Blog von Klaus Nadizar

Es hat nicht sollen sein [1]

BMW Golf Cup International: Österreich fliegt krankheitsbedingt aus der Teamwertung; Elfriede Grabner landet auf Platz 7 als beste Europäerin und Monty schaut samt Ryder Cup-Häferl in Phuket vorbei.

Mit einem Tag Verspätung gibt’s nun alles zum Schlusstag des BMW Golf Cup International: Der Computer wollte nicht ganz nach Plan – die Stromversorgung blieb auf der Strecke – und auch der gesundheitliche Zustand von Günter Wedl, der nach 3 Loch am Finaltag aufgibt, was Österreich aus der Teamwertung wirft. Immerhin: Elfriede Grabner landet auf Platz 7 – als beste Europäerin! – Günther Priestner steigert sich auf 30 Punkte und Monty schaut samt Ryder Cup-Häferl in Phuket vorbei.

Das mit dem Angriff aus der zweiten Reihe war so lange ein guter Plan, als der Angriff auf Günter Wedls Gesundheit noch nicht stattfand…

Der musste nämlich am Finaltag schon nach 3 Loch aufgeben: Herzprobleme! Kein Wunder in der schwülen Hitze von Phuket. Aber am Abend, nach ein paar Pulverln, war wieder alles im grünen Bereich. Zum Glück.

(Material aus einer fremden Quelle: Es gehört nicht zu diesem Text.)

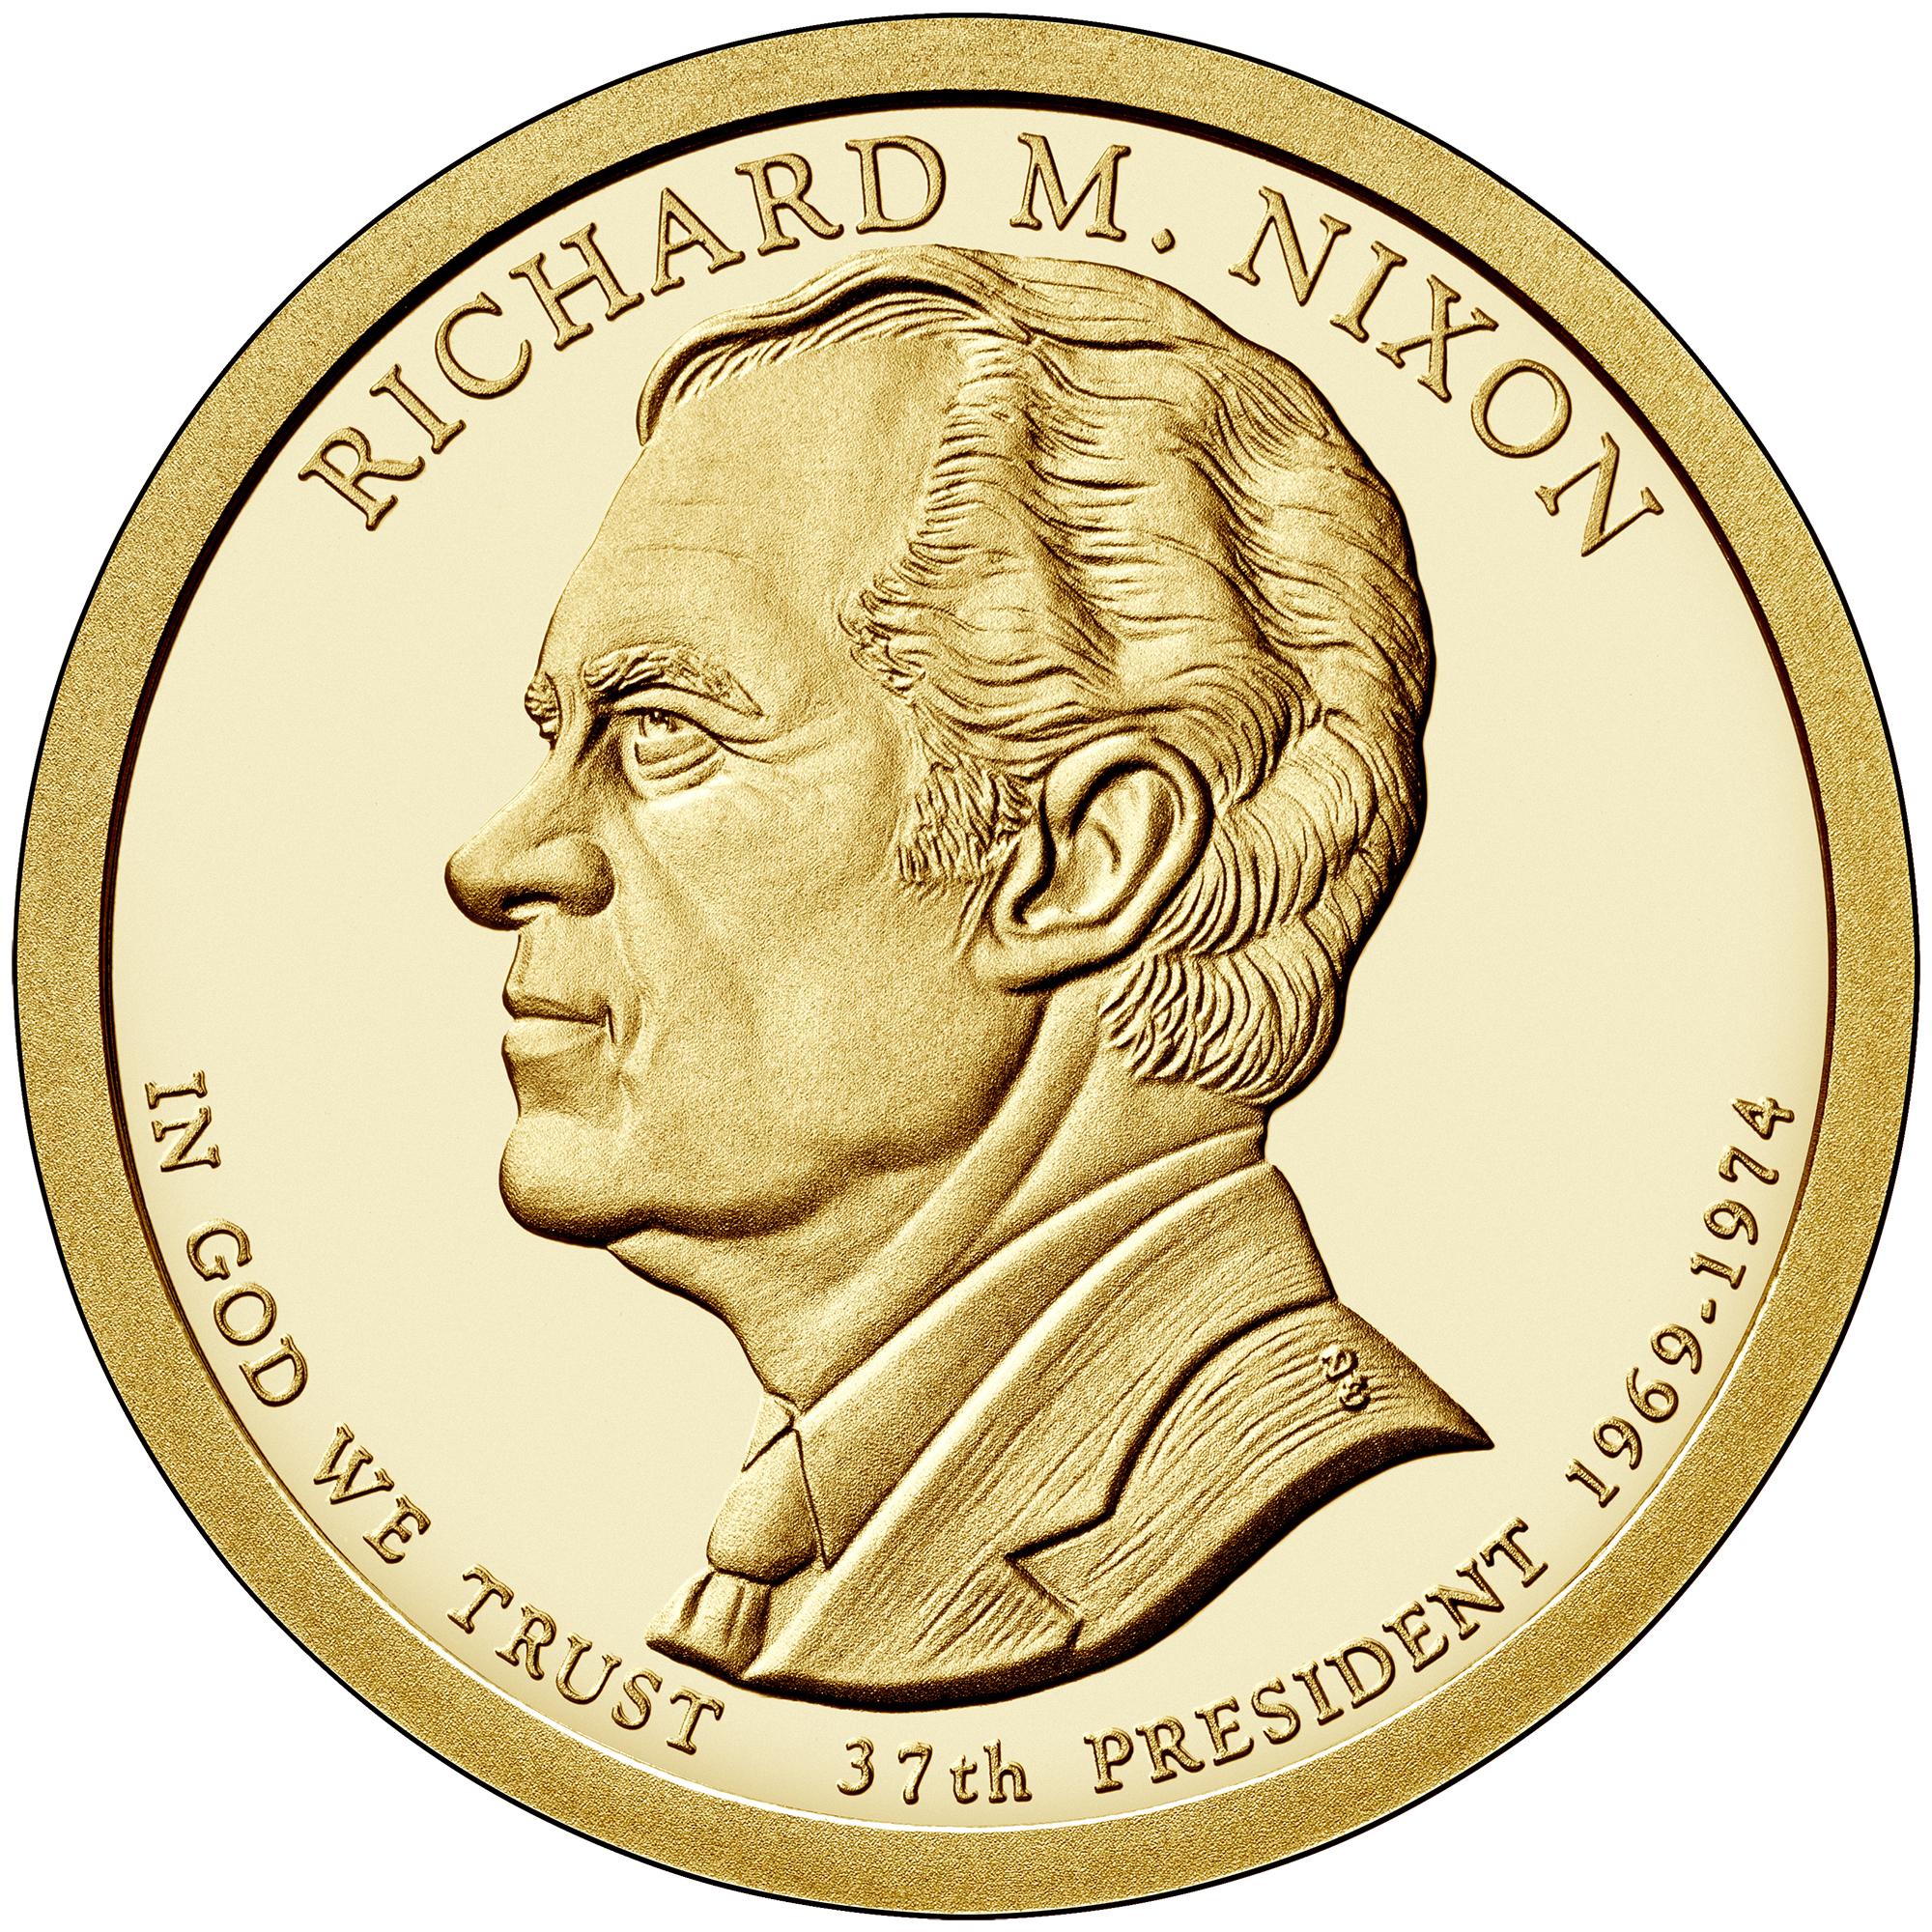 2016 Presidential Dollar Coin Richard M. Nixon Proof Obverse

Pech andererseits, dass die zwei verbliebenen Teammitglieder tapfer kämpften, gute 30 (Priestner) und 31 Punkte (Grabner) ins Clubhaus brachten, alle Mühen für das Team aber vergeblich waren: Österreich fällt aus der Nationenwertung.

Diese holt sich relativ klar Malaysia mit 5 Punkten Vorsprung auf Hongkong und 9 auf Taiwan. Die Plätze 1 bis 5 gingen allesamt an Teams aus Asien…

Clinic & Ryder Cup
Am Nachmittag gab’s dann als gelungenen finalen Show-Act eine 4-Loch-Clinic mit Colin Montgomerie, der mit dem echten Ryder Cup im Handgepäck anreiste und damit halb Heathrow lahmlegte. Monty: „Jeder wollte das Häferl angreifen, oder ein Foto machen, nachdem es aus der Box rausgenommen wurde, um durch den Dedektor zu rollen.“

Am Abend gab’s dann noch für ale Teams ein Foto mit Monty und dem Häferl als Erinnerung fürs Nachtkasterl oder das Poesie-Album – und auch hier gabs einen Stau.

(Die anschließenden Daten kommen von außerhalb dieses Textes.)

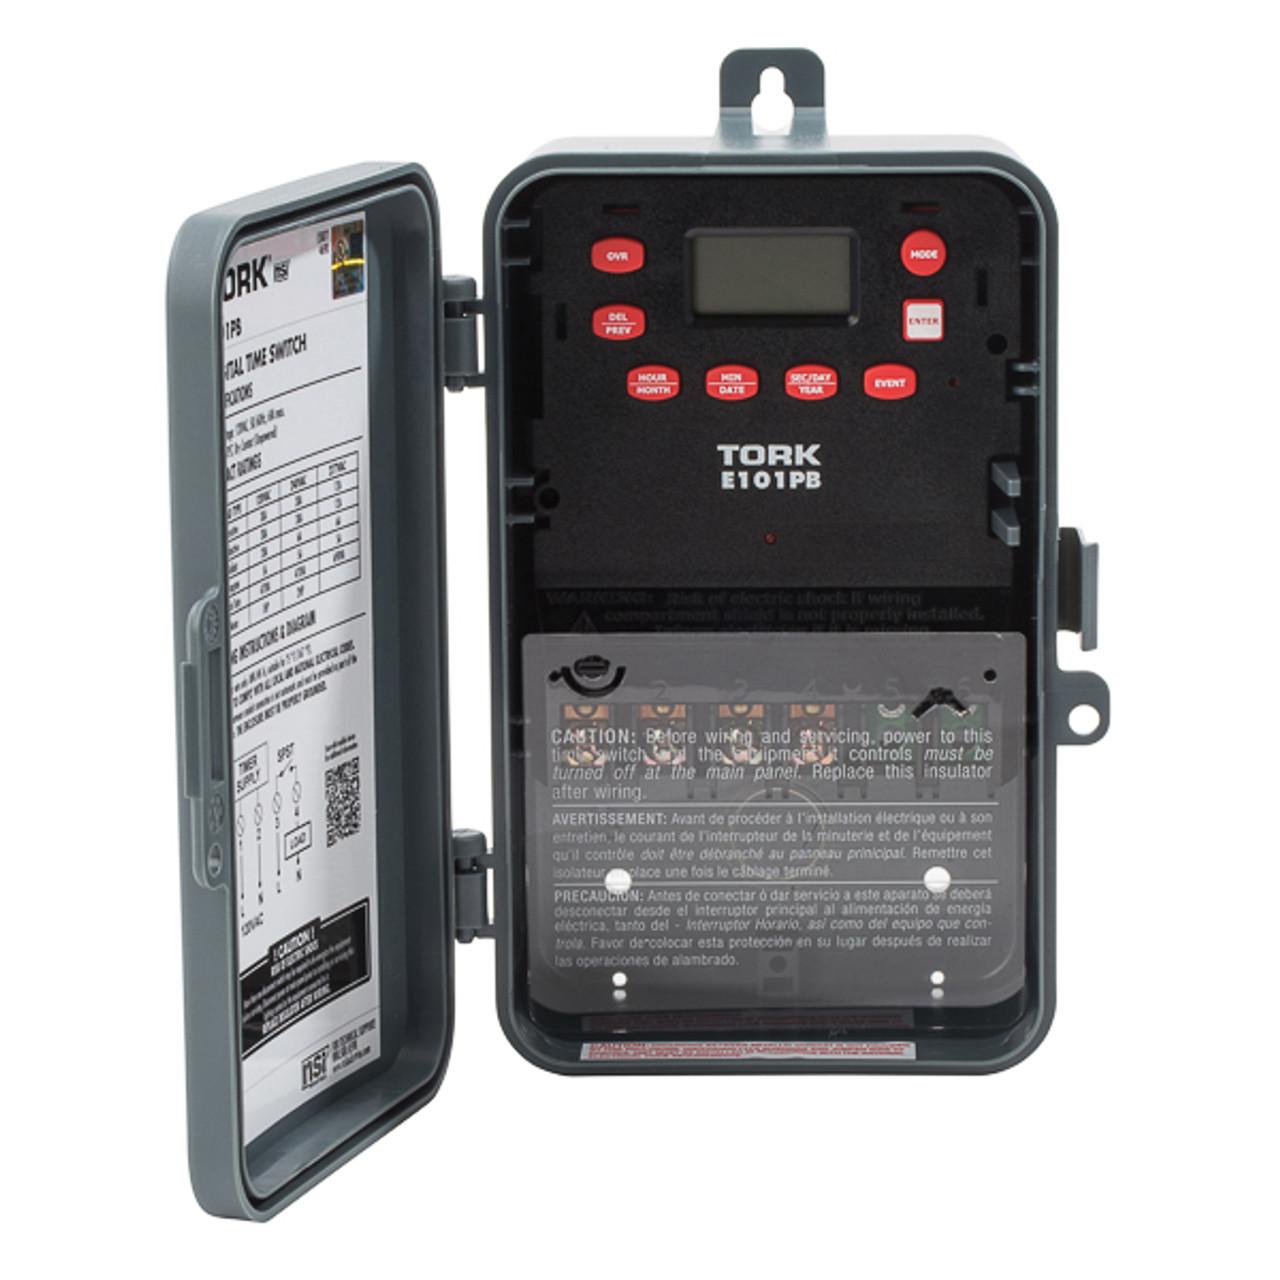 Tork E101PB 24 Hour Digital 1CH 40A 120V SPST Timer

Am Ende waren alle happy, die große Abschlussparty in der BMW Lounge sorgte für einen stimmungsvollen, chilligen Abschluss einer erneut durch und durch gelungenen Veranstaltung…
Zu den Ergebnissen

Randnotizen:

Die Fahrer der prächtigen BMW Limousinen, die uns zwischen Hotel und Golfplatz shuttleten, entwickelten einen ausgeprägten Ehrgeiz, keine anderen deutschen Qualitäts-Autos an sich vorbei zu lassen, oder diese auf jeden Fall zu überholen, so sie sich vor ihnen befanden.

Die Damen, die die Zimmer im JW Marriott aufräumen, sind wahre Meisterinnen im Handtuchfalten, dem Origami für Fortgeschrittene.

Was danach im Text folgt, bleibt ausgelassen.